Not what I am aware of. But the order of initialization, when a git command
is executed, some need a worktree or .git directory, some not, is somewhat
beyond my yet expertise.

>Is per-worktree config  involved that is trying to read from one but the auto-probing code
> is setting it to another, or something silly like that?
No, not to my understanding.
We have a "local" config (per repo), that is there and has the right value.
However, for some reason we miss to read the repo-config here,
when argv[] needs to be precomposed.
Reading the global config does work, but if core.precomposeunicode is
not set here, but set in the repo-config, we miss that.

>
> Thanks for working well together, both of you.
Yes, please let someone join the force, reading the callstack(s) and
try to find what is wrong here.

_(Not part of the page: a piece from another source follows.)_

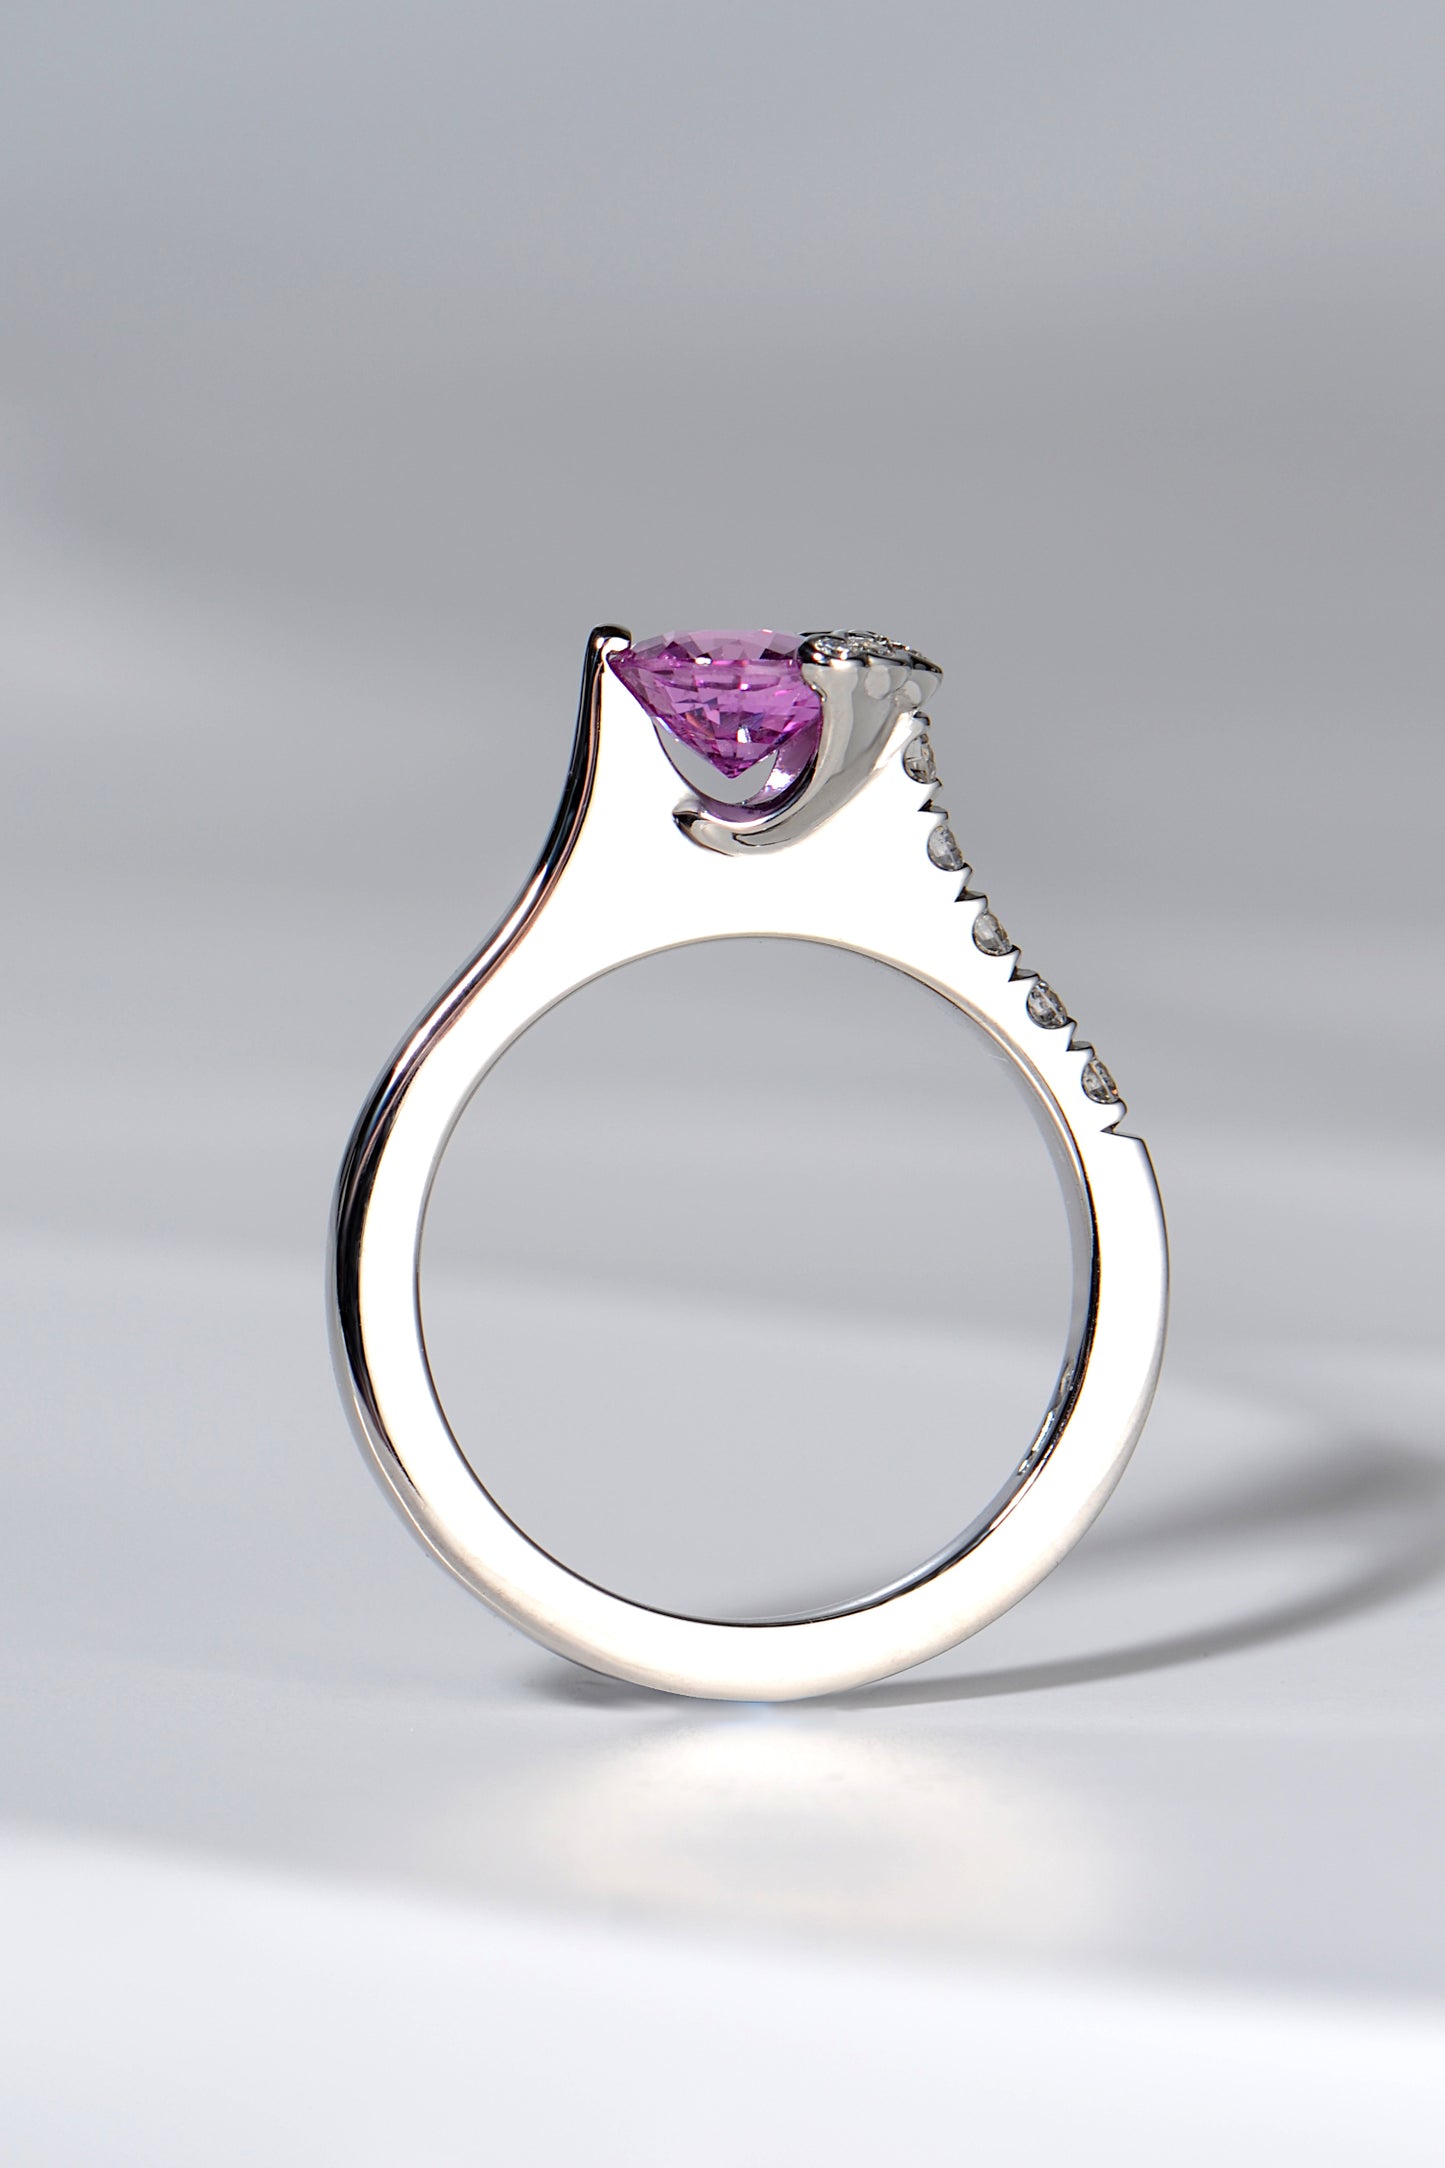 designer platinum diamond and pink sapphire ring that has the stone set so you can see the gemstone side on, like a tension set ring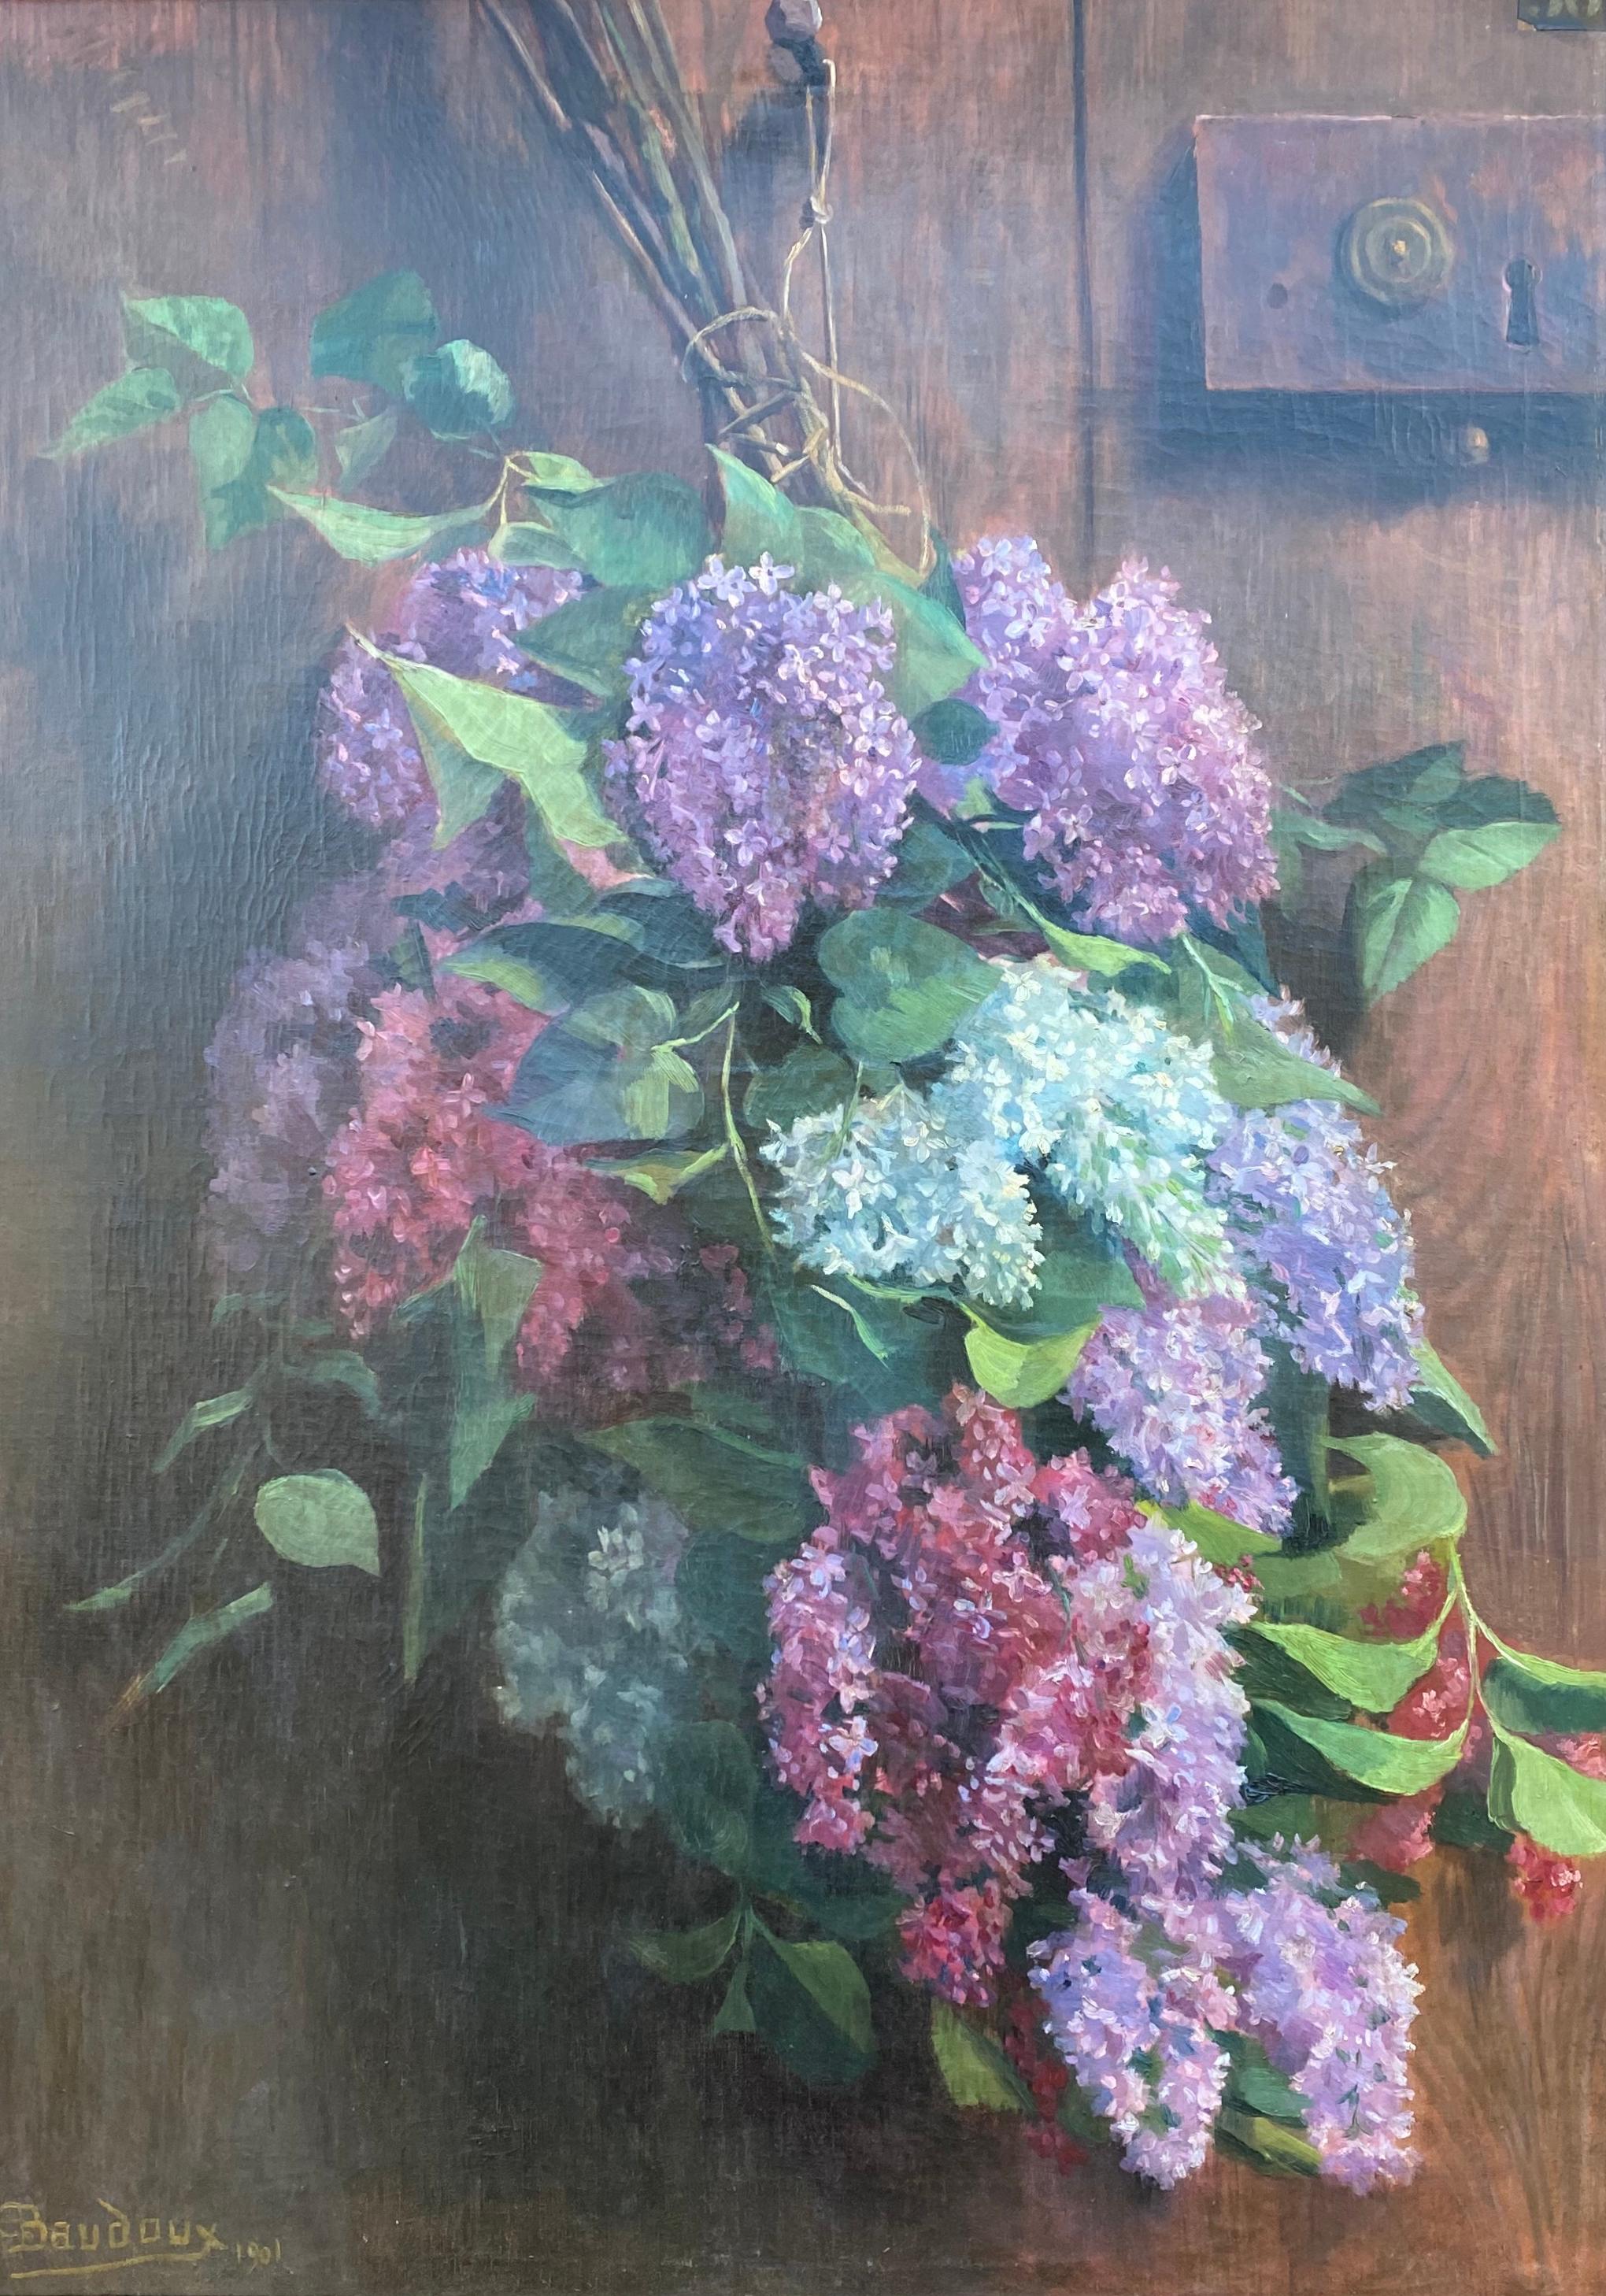 Lilac flowers at the door, 1901 uplifting floral still life large oil on canvas - Painting by Henri Baudoux

I will try to do the same.
diff mbox series

Patch

diff --git a/compat/precompose_utf8.c b/compat/precompose_utf8.c
index 0bd5c24250..5a7c90c90d 100644
--- a/compat/precompose_utf8.c
+++ b/compat/precompose_utf8.c
@@ -94,6 +94,16 @@  const char *precompose_string_if_needed(const char *in)
 	return in;
 }

+void precompose_strbuf_if_needed(struct strbuf *sb)
+{
+	char *buf_prec = (char *)precompose_string_if_needed(sb->buf);
+	if (buf_prec != sb->buf) {
+		size_t buf_prec_len = strlen(buf_prec);
+		free(strbuf_detach(sb, NULL));
+		strbuf_attach(sb, buf_prec, buf_prec_len, buf_prec_len + 1);
+	}
+}
+
 const char *precompose_argv_prefix(int argc, const char **argv, const char *prefix)
 {
 	int i = 0;
diff --git a/compat/precompose_utf8.h b/compat/precompose_utf8.h
index fea06cf28a..7c3cfcadb0 100644
--- a/compat/precompose_utf8.h
+++ b/compat/precompose_utf8.h
@@ -30,6 +30,7 @@  typedef struct {

 const char *precompose_argv_prefix(int argc, const char **argv, const char *prefix);
 const char *precompose_string_if_needed(const char *in);
+void precompose_strbuf_if_needed(struct strbuf *sb);
 void probe_utf8_pathname_composition(void);

 PREC_DIR *precompose_utf8_opendir(const char *dirname);
diff --git a/git-compat-util.h b/git-compat-util.h
index ca7678a379..892e1f9067 100644
--- a/git-compat-util.h
+++ b/git-compat-util.h
@@ -344,6 +344,7 @@  static inline const char *precompose_string_if_needed(const char *in)
 	return in;
 }

+#define precompose_strbuf_if_needed(a)
 #define probe_utf8_pathname_composition()
 #endif

diff --git a/strbuf.c b/strbuf.c
index 0d929e4e19..d5b4b3903a 100644
--- a/strbuf.c
+++ b/strbuf.c
@@ -592,6 +592,7 @@  int strbuf_getcwd(struct strbuf *sb)
 		strbuf_grow(sb, guessed_len);
 		if (getcwd(sb->buf, sb->alloc)) {
 			strbuf_setlen(sb, strlen(sb->buf));
+			precompose_strbuf_if_needed(sb);
 			return 0;
 		}

diff --git a/t/t0050-filesystem.sh b/t/t0050-filesystem.sh
index 325eb1c3cd..a24ec866d1 100755
--- a/t/t0050-filesystem.sh
+++ b/t/t0050-filesystem.sh
@@ -156,4 +156,15 @@  test_expect_success CASE_INSENSITIVE_FS 'checkout with no pathspec and a case in
 	)
 '

+test_expect_success 'git ls-files under NFD' '
+	(
+		mkdir -p somewhere/$aumlcdiar &&
+		mypwd=$PWD &&
+		cd somewhere/$aumlcdiar &&
+		git init &&
+		git --literal-pathspecs ls-files "$mypwd/somewhere/$aumlcdiar"  2>err &&
+		>expected &&
+		test_cmp expected err
+	)
+'
 test_done